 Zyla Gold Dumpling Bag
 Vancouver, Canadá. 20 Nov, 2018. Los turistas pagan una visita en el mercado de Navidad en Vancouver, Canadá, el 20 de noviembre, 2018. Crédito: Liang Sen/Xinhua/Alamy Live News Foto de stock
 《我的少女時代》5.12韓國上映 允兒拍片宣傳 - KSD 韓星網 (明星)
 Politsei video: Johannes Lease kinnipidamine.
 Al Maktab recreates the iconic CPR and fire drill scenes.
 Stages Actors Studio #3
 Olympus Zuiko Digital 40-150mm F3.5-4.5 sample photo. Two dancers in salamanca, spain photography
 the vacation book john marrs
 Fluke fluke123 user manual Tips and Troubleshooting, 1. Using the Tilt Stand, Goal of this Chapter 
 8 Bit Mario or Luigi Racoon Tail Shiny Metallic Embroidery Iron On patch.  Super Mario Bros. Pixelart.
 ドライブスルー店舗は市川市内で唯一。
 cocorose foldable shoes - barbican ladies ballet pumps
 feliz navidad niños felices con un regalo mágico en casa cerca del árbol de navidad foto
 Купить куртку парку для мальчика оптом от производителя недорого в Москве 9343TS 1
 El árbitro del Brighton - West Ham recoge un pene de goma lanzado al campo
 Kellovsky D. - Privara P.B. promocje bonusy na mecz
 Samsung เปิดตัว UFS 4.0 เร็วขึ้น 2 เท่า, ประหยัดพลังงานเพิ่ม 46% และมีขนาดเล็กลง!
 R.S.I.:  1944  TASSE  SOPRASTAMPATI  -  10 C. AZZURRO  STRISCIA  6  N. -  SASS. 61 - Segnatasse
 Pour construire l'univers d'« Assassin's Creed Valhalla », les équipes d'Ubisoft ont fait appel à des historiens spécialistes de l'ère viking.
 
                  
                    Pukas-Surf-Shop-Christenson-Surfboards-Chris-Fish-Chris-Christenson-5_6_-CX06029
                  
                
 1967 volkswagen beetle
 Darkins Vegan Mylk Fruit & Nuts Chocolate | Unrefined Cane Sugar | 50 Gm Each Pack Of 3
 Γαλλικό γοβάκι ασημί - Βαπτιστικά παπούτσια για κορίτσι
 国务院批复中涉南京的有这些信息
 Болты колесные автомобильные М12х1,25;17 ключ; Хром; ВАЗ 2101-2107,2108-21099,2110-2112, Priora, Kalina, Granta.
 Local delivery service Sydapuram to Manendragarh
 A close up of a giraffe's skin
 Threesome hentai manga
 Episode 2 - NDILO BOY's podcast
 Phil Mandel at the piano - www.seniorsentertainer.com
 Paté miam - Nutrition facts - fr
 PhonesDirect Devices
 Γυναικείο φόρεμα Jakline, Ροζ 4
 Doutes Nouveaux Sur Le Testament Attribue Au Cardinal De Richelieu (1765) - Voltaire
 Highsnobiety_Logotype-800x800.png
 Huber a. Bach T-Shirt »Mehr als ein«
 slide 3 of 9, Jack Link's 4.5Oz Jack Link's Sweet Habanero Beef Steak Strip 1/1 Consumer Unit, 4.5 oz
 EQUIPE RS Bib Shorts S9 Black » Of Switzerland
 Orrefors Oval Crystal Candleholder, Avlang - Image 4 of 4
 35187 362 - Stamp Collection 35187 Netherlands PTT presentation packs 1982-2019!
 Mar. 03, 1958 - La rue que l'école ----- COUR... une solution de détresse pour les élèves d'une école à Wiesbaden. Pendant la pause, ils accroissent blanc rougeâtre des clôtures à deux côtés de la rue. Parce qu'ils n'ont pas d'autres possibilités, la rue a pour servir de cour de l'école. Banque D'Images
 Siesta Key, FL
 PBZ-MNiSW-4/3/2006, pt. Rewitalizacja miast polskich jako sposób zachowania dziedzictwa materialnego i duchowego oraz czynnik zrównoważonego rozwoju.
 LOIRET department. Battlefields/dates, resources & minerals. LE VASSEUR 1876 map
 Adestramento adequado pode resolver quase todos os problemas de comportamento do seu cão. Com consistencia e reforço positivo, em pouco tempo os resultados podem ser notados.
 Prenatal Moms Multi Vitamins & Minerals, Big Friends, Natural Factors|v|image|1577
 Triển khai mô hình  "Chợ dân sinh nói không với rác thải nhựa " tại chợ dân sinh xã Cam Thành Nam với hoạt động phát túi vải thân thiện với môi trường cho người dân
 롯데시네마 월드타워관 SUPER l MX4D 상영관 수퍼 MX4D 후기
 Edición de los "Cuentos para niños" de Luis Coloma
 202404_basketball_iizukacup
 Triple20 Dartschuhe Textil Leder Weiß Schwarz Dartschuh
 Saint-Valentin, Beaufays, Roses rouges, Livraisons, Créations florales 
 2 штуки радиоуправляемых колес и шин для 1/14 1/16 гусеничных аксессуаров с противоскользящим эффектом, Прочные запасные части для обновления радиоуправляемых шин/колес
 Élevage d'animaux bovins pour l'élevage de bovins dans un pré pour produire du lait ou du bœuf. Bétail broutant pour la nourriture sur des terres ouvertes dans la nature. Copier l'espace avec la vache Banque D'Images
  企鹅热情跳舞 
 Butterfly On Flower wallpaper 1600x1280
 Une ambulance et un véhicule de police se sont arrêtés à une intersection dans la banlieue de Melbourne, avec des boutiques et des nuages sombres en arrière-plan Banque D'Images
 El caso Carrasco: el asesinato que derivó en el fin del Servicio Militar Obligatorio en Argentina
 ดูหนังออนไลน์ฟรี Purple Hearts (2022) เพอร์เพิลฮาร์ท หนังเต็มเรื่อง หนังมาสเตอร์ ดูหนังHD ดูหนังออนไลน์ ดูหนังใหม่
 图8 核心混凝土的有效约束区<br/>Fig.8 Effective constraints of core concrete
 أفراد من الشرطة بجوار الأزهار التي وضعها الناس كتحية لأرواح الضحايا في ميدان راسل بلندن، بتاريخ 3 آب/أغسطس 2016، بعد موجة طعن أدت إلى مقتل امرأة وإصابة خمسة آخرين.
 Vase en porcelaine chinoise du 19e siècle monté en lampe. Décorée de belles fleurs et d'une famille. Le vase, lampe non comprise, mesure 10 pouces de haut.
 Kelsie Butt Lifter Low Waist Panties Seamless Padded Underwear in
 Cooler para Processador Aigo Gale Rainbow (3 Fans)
= = =
Each record above has to be set down again, exactly and completely.

Reply
 Zyla Gold Dumpling Bag
 Vancouver, Canadá. 20 Nov, 2018. Los turistas pagan una visita en el mercado de Navidad en Vancouver, Canadá, el 20 de noviembre, 2018. Crédito: Liang Sen/Xinhua/Alamy Live News Foto de stock
 《我的少女時代》5.12韓國上映 允兒拍片宣傳 - KSD 韓星網 (明星)
 Politsei video: Johannes Lease kinnipidamine.
 Al Maktab recreates the iconic CPR and fire drill scenes.
 Stages Actors Studio #3
 Olympus Zuiko Digital 40-150mm F3.5-4.5 sample photo. Two dancers in salamanca, spain photography
 the vacation book john marrs
 Fluke fluke123 user manual Tips and Troubleshooting, 1. Using the Tilt Stand, Goal of this Chapter 
 8 Bit Mario or Luigi Racoon Tail Shiny Metallic Embroidery Iron On patch.  Super Mario Bros. Pixelart.
 ドライブスルー店舗は市川市内で唯一。
 cocorose foldable shoes - barbican ladies ballet pumps
 feliz navidad niños felices con un regalo mágico en casa cerca del árbol de navidad foto
 Купить куртку парку для мальчика оптом от производителя недорого в Москве 9343TS 1
 El árbitro del Brighton - West Ham recoge un pene de goma lanzado al campo
 Kellovsky D. - Privara P.B. promocje bonusy na mecz
 Samsung เปิดตัว UFS 4.0 เร็วขึ้น 2 เท่า, ประหยัดพลังงานเพิ่ม 46% และมีขนาดเล็กลง!
 R.S.I.:  1944  TASSE  SOPRASTAMPATI  -  10 C. AZZURRO  STRISCIA  6  N. -  SASS. 61 - Segnatasse
 Pour construire l'univers d'« Assassin's Creed Valhalla », les équipes d'Ubisoft ont fait appel à des historiens spécialistes de l'ère viking.
 
                  
                    Pukas-Surf-Shop-Christenson-Surfboards-Chris-Fish-Chris-Christenson-5_6_-CX06029
                  
                
 1967 volkswagen beetle
 Darkins Vegan Mylk Fruit & Nuts Chocolate | Unrefined Cane Sugar | 50 Gm Each Pack Of 3
 Γαλλικό γοβάκι ασημί - Βαπτιστικά παπούτσια για κορίτσι
 国务院批复中涉南京的有这些信息
 Болты колесные автомобильные М12х1,25;17 ключ; Хром; ВАЗ 2101-2107,2108-21099,2110-2112, Priora, Kalina, Granta.
 Local delivery service Sydapuram to Manendragarh
 A close up of a giraffe's skin
 Threesome hentai manga
 Episode 2 - NDILO BOY's podcast
 Phil Mandel at the piano - www.seniorsentertainer.com
 Paté miam - Nutrition facts - fr
 PhonesDirect Devices
 Γυναικείο φόρεμα Jakline, Ροζ 4
 Doutes Nouveaux Sur Le Testament Attribue Au Cardinal De Richelieu (1765) - Voltaire
 Highsnobiety_Logotype-800x800.png
 Huber a. Bach T-Shirt »Mehr als ein«
 slide 3 of 9, Jack Link's 4.5Oz Jack Link's Sweet Habanero Beef Steak Strip 1/1 Consumer Unit, 4.5 oz
 EQUIPE RS Bib Shorts S9 Black » Of Switzerland
 Orrefors Oval Crystal Candleholder, Avlang - Image 4 of 4
 35187 362 - Stamp Collection 35187 Netherlands PTT presentation packs 1982-2019!
 Mar. 03, 1958 - La rue que l'école ----- COUR... une solution de détresse pour les élèves d'une école à Wiesbaden. Pendant la pause, ils accroissent blanc rougeâtre des clôtures à deux côtés de la rue. Parce qu'ils n'ont pas d'autres possibilités, la rue a pour servir de cour de l'école. Banque D'Images
 Siesta Key, FL
 PBZ-MNiSW-4/3/2006, pt. Rewitalizacja miast polskich jako sposób zachowania dziedzictwa materialnego i duchowego oraz czynnik zrównoważonego rozwoju.
 LOIRET department. Battlefields/dates, resources & minerals. LE VASSEUR 1876 map
 Adestramento adequado pode resolver quase todos os problemas de comportamento do seu cão. Com consistencia e reforço positivo, em pouco tempo os resultados podem ser notados.
 Prenatal Moms Multi Vitamins & Minerals, Big Friends, Natural Factors|v|image|1577
 Triển khai mô hình  "Chợ dân sinh nói không với rác thải nhựa " tại chợ dân sinh xã Cam Thành Nam với hoạt động phát túi vải thân thiện với môi trường cho người dân
 롯데시네마 월드타워관 SUPER l MX4D 상영관 수퍼 MX4D 후기
 Edición de los "Cuentos para niños" de Luis Coloma
 202404_basketball_iizukacup
 Triple20 Dartschuhe Textil Leder Weiß Schwarz Dartschuh
 Saint-Valentin, Beaufays, Roses rouges, Livraisons, Créations florales 
 2 штуки радиоуправляемых колес и шин для 1/14 1/16 гусеничных аксессуаров с противоскользящим эффектом, Прочные запасные части для обновления радиоуправляемых шин/колес
 Élevage d'animaux bovins pour l'élevage de bovins dans un pré pour produire du lait ou du bœuf. Bétail broutant pour la nourriture sur des terres ouvertes dans la nature. Copier l'espace avec la vache Banque D'Images
  企鹅热情跳舞 
 Butterfly On Flower wallpaper 1600x1280
 Une ambulance et un véhicule de police se sont arrêtés à une intersection dans la banlieue de Melbourne, avec des boutiques et des nuages sombres en arrière-plan Banque D'Images
 El caso Carrasco: el asesinato que derivó en el fin del Servicio Militar Obligatorio en Argentina
 ดูหนังออนไลน์ฟรี Purple Hearts (2022) เพอร์เพิลฮาร์ท หนังเต็มเรื่อง หนังมาสเตอร์ ดูหนังHD ดูหนังออนไลน์ ดูหนังใหม่
 图8 核心混凝土的有效约束区<br/>Fig.8 Effective constraints of core concrete
 أفراد من الشرطة بجوار الأزهار التي وضعها الناس كتحية لأرواح الضحايا في ميدان راسل بلندن، بتاريخ 3 آب/أغسطس 2016، بعد موجة طعن أدت إلى مقتل امرأة وإصابة خمسة آخرين.
 Vase en porcelaine chinoise du 19e siècle monté en lampe. Décorée de belles fleurs et d'une famille. Le vase, lampe non comprise, mesure 10 pouces de haut.
 Kelsie Butt Lifter Low Waist Panties Seamless Padded Underwear in
 Cooler para Processador Aigo Gale Rainbow (3 Fans)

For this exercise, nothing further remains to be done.